The organization is named after Franklin Hiram King, an early 20th century agricultural physics professor at UW-Madison. The UW-Madison Department of Soil Science refers to King as a “pioneer scientist” famous for his groundbreaking work in the field. The students in his namesake organization are also pioneers in their own right: according to the US Department of Agriculture’s 2012 Census of Agriculture, the average age of the U.S. farmer is 58.3 years old. The students farming in F.H. King are at least half that age and bringing a fresh voice to centuries of tradition.
“The importance of the local farmer, especially to Wisconsin, is so important to our history and this land and just the future of what agriculture could look like,” Srok says.
For those seeking to understand more about that future, one only has to hop on the route 80 bus and watch as familiar campus buildings fall away and utopia emerges. The Eagle Heights Community Garden is a sprawling set of plots farmed by the University of Wisconsin Madison and local community members. F.H. King has one of the largest plots in the garden, second to the College of Agriculture and Life Sciences.
“There’s something really emotional that feels really awesome about that connection to the earth,” Srok smiles. “There’s this weird sense of childlike joy and wonderment when you see things growing. And it definitely changes how I think about food and what I’m putting in my body.”
Thought is at the center of what F.H. King does. In the midst of student life, the Eagle Heights garden is as idyllic as a modern day Garden of Eden.

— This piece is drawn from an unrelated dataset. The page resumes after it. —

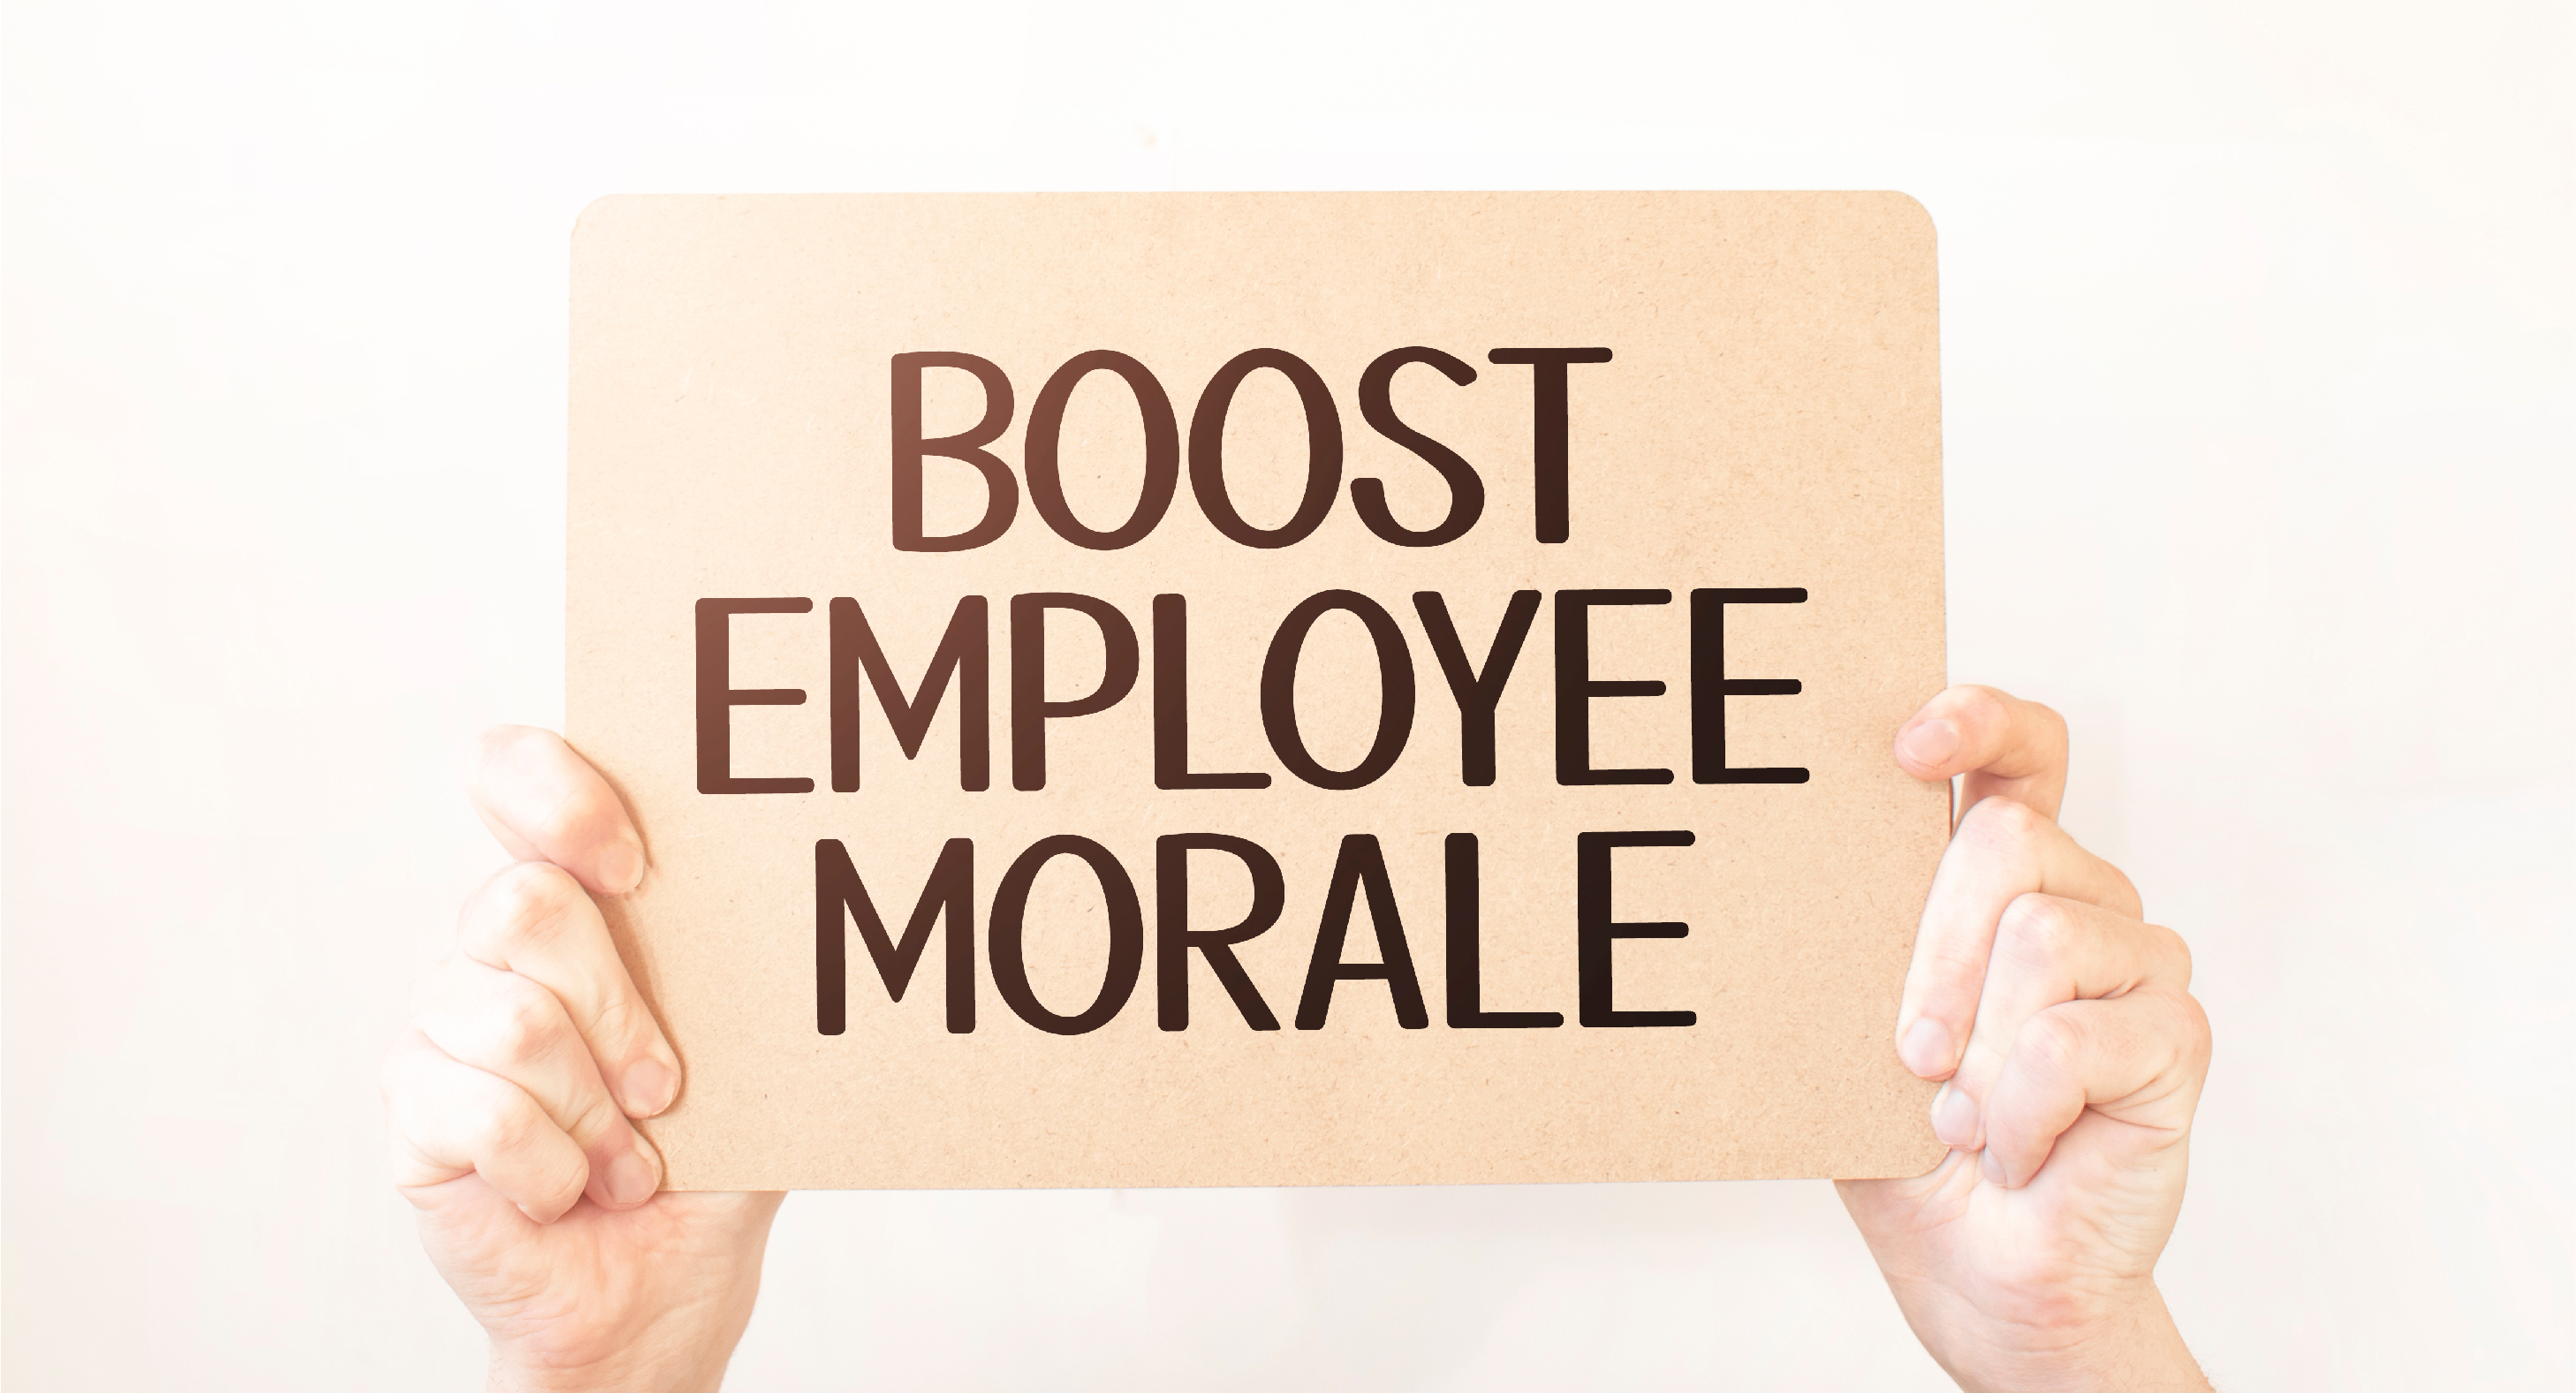 Boosting your team’s morale

But in this paradise, the tree of knowledge has been devoured. In-depth understanding of the land and it’s needs is a central step in the sustainable farming process. Recently, F.H. King has partnered with a soil science student. The student uses the fields for research and gives the farmers an idea of what their soil needs.
“I like this space being a place where students can connect and experiment with these different aspects of sustainability and agriculture so that at the end of the day we all get something out of that and the farm becomes better,” Srok says.
A better farm means better food. Because sustainable farming focuses on a diverse set of perspectives, conscious consumption also plays a key role in F.H. King’s activity. Once a week, the students bring their yield to East Campus Mall for Harvest Handouts, making sustainable produce more accessible to their peers.
Srok emanates a sense of hopefulness for the future. Perhaps that hopefulness comes with confidence in the partnership between human and land: a mutual promise to nurture and to nourish. As a young farmer with a sustainable framework, Srok carries the seeds of the future. If the Eagle Heights garden is any indication, the harvest will be plentiful.
Sustainable Vegetable Scrap Stock
Srok recommends using your vegetable scraps to make homemade stock or broth. To your vegetable scraps, add herbs and water for the perfect winter warming bowl.
Peels: Carrot, Sweet Potato, Potato
Ends: Celery, Green Onion, Leeks
Skins: Onion, Shallot
Wilted: Chard, Spinach
Herbs: Dill, Parsley, Rosemary, Thyme
*Kale, broccoli, cauliflower and brussels sprouts should be avoided or used in small amounts, too much of these vegetables will lend a bitter flavor to your broth.
Fill a large pot with 5-6 cups of water. Add vegetables and herbs. Bring the pot to boil, reduce heat and cover. Allow to simmer for an hour, until fragrant. Salt and pepper to taste, or add other warming spices. Take off heat, strain and store.